Assignment: Among the records that follow, set down only the lines from the one containing "FIGURE 15. Apolemia" to the one containing "Pine Tree Beautiful", both included, exactly.

Data:

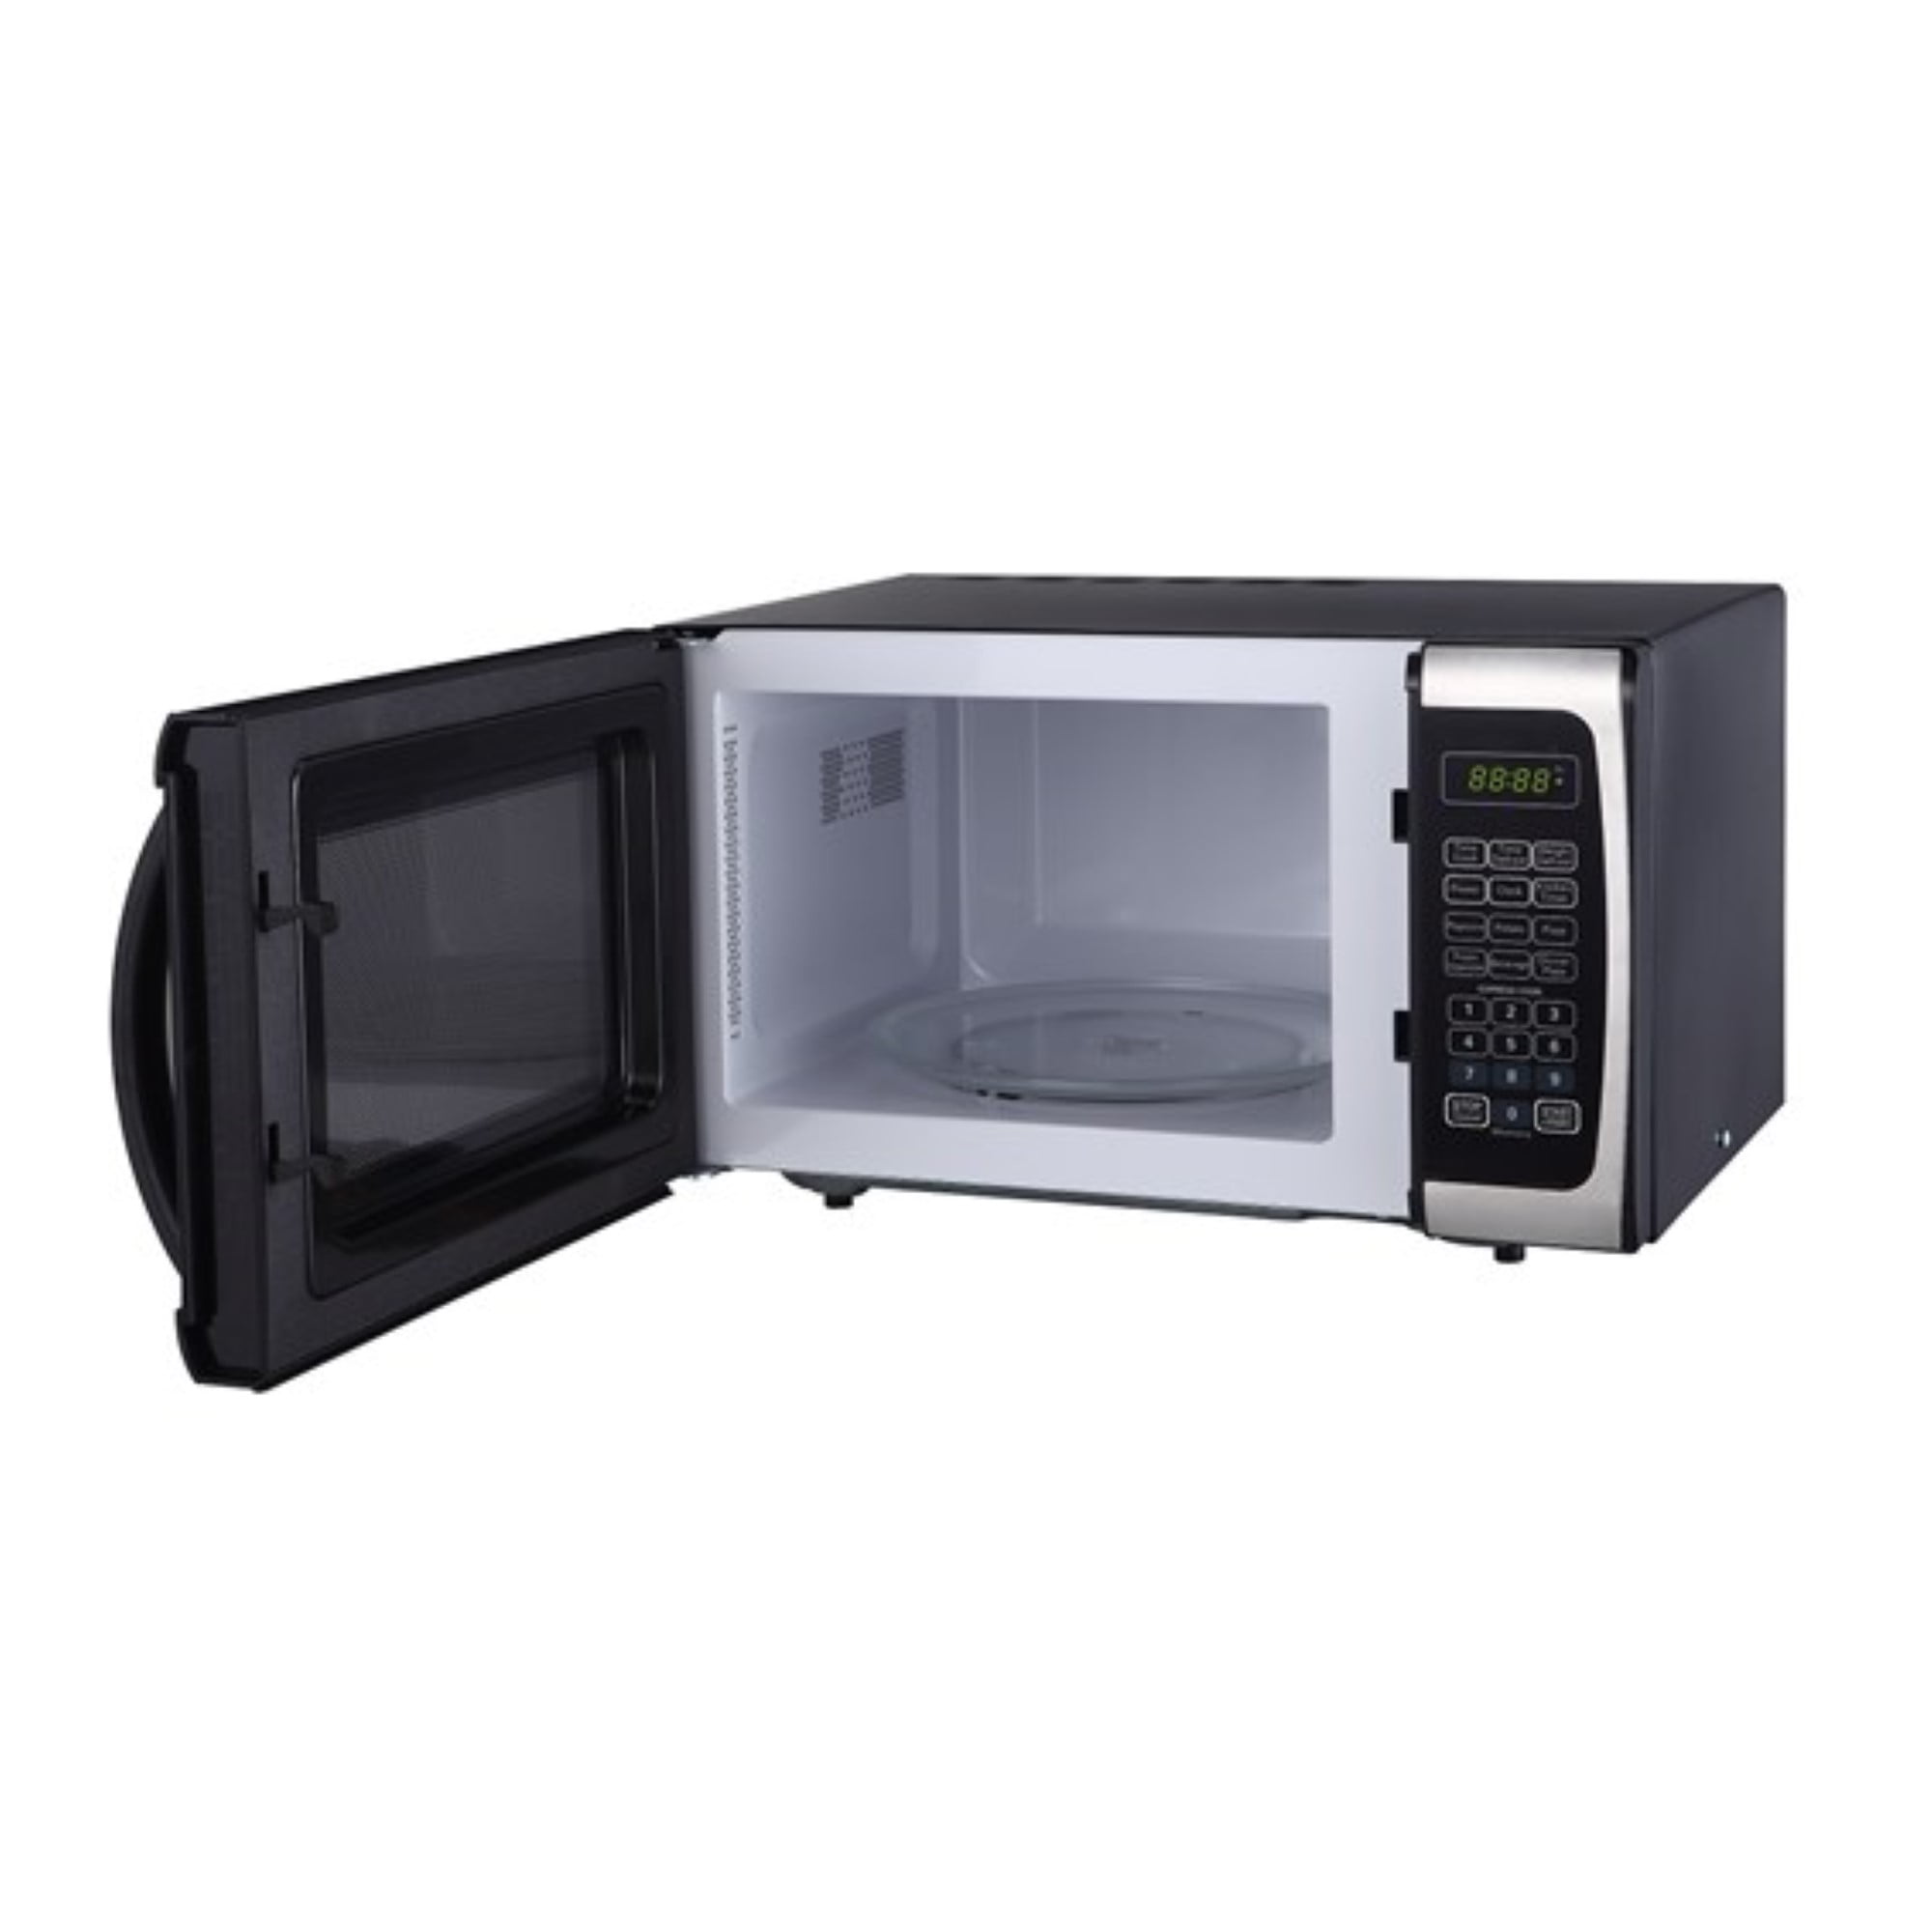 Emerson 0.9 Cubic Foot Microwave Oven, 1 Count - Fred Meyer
---
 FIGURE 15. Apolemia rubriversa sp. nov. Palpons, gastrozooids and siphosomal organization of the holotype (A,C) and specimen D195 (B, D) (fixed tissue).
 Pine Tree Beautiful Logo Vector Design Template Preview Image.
...
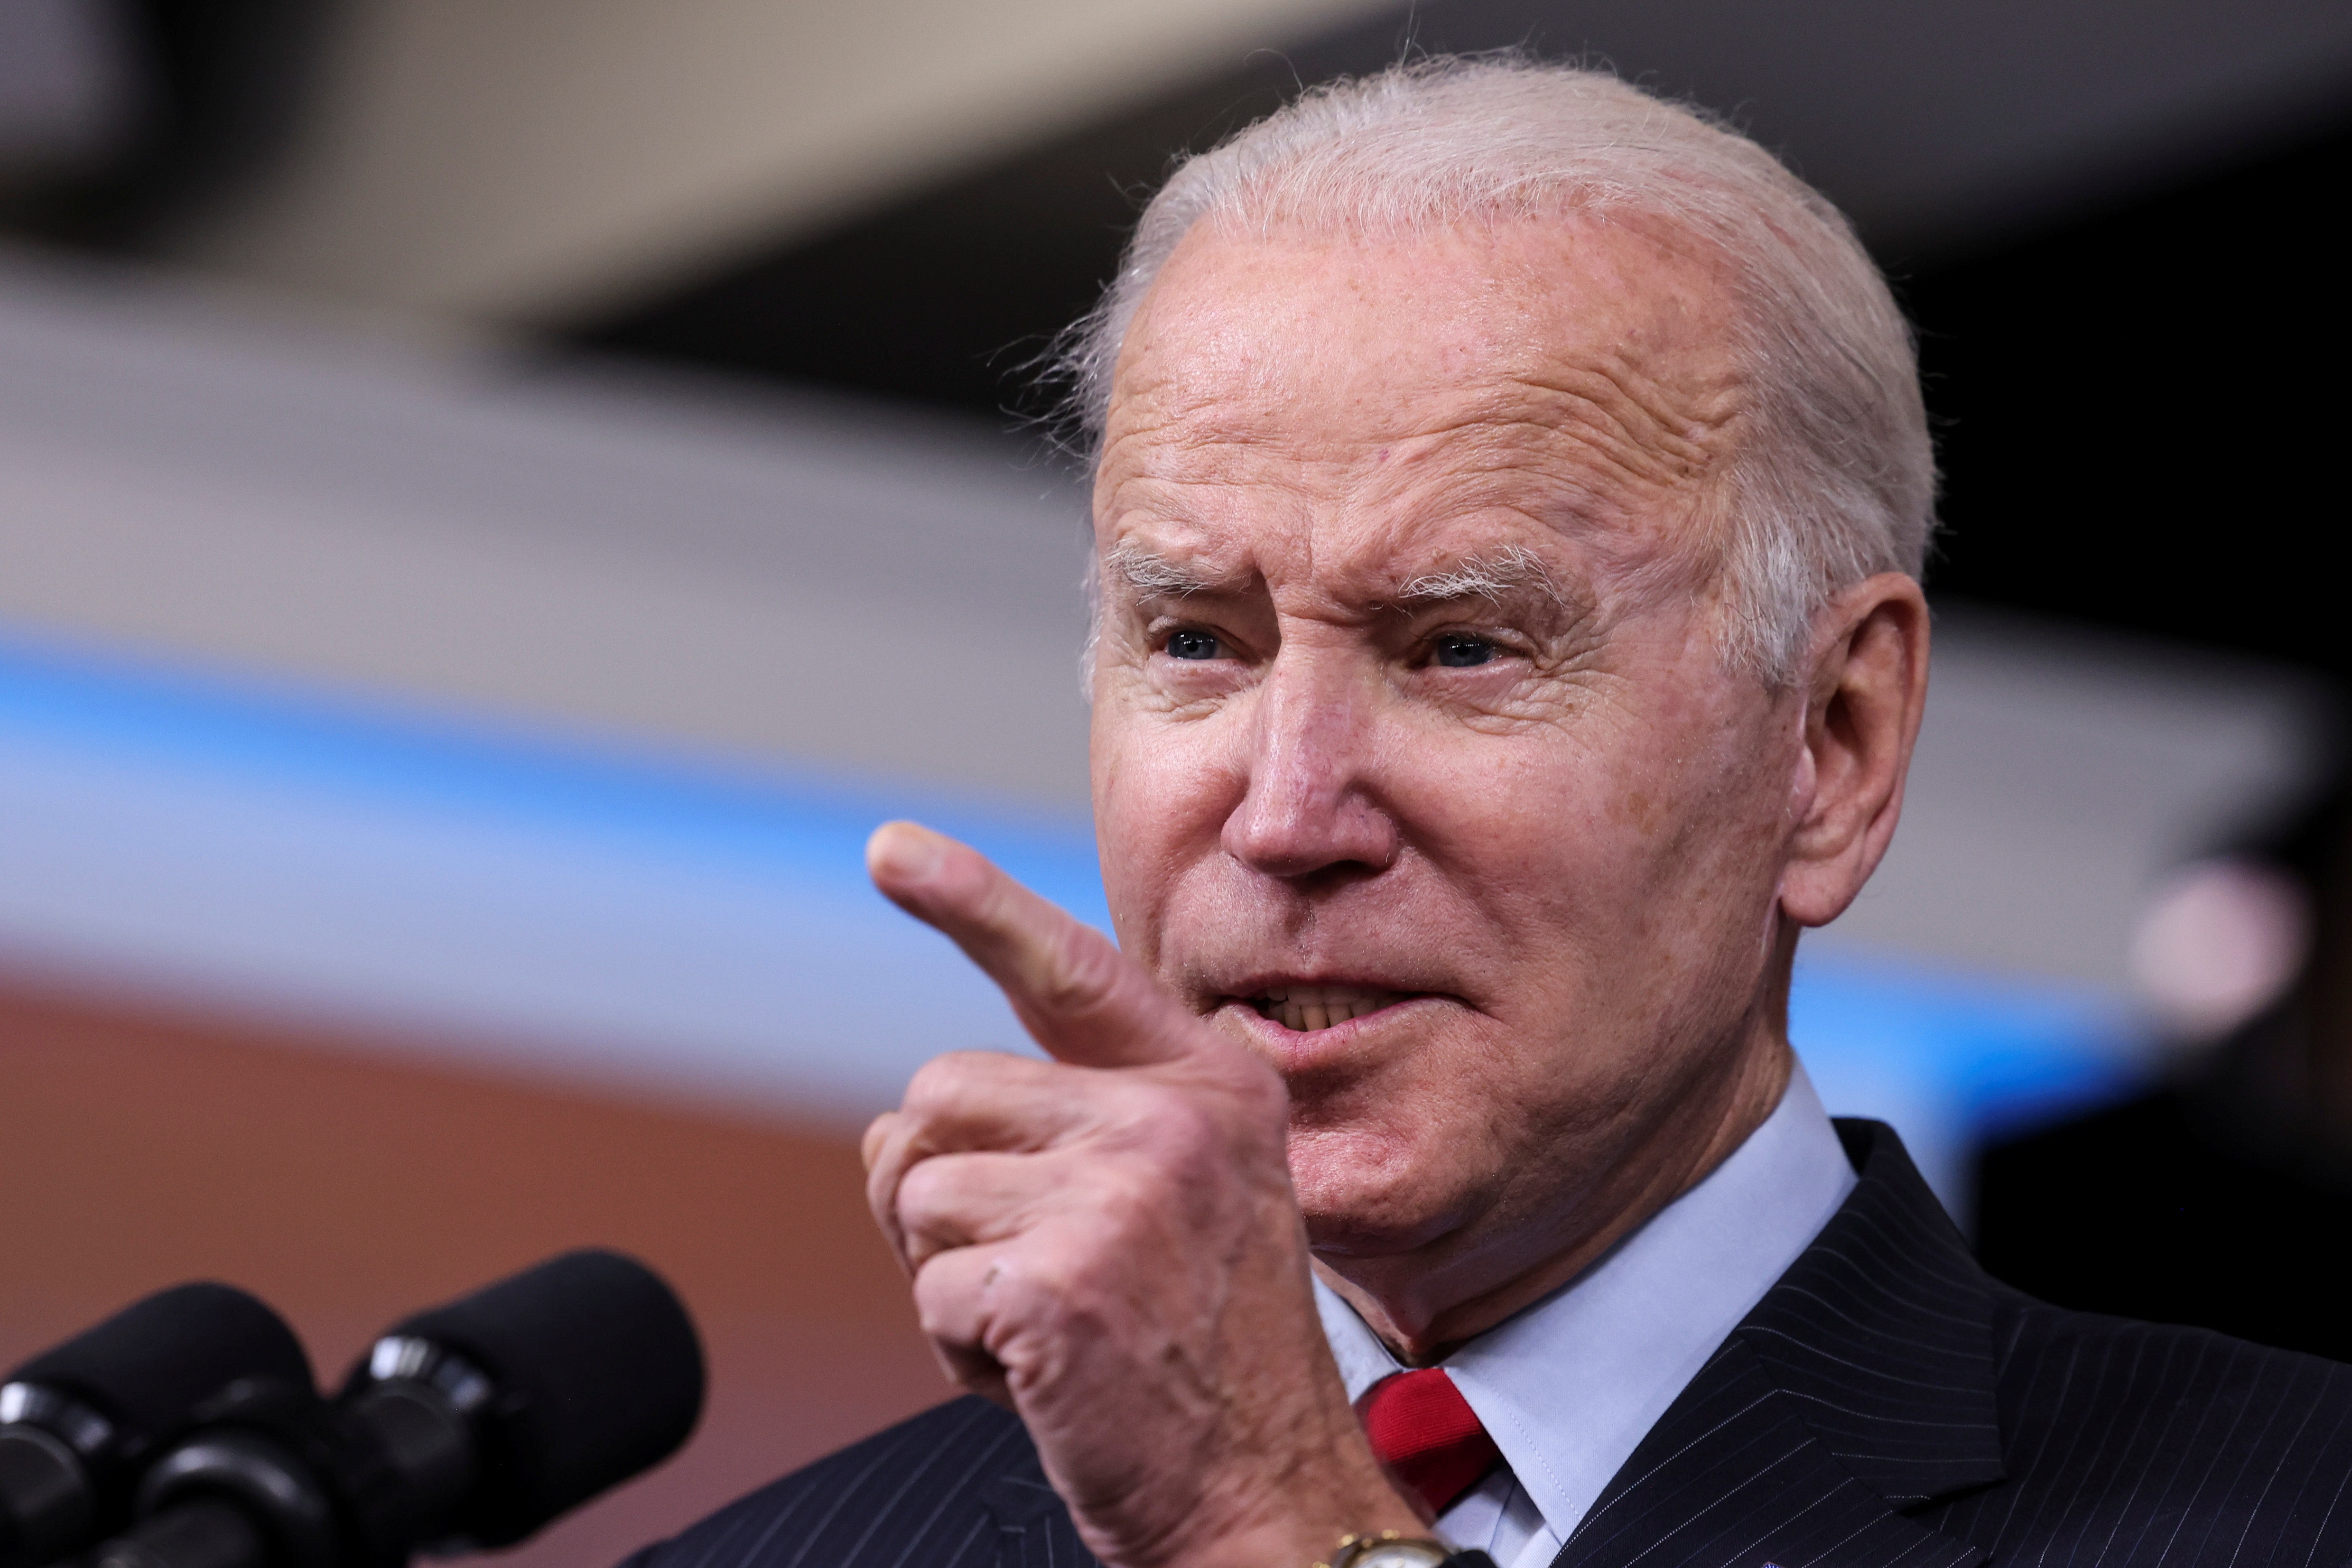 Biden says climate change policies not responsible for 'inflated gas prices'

Solution to the exercise:
 FIGURE 15. Apolemia rubriversa sp. nov. Palpons, gastrozooids and siphosomal organization of the holotype (A,C) and specimen D195 (B, D) (fixed tissue).
 Pine Tree Beautiful Logo Vector Design Template Preview Image.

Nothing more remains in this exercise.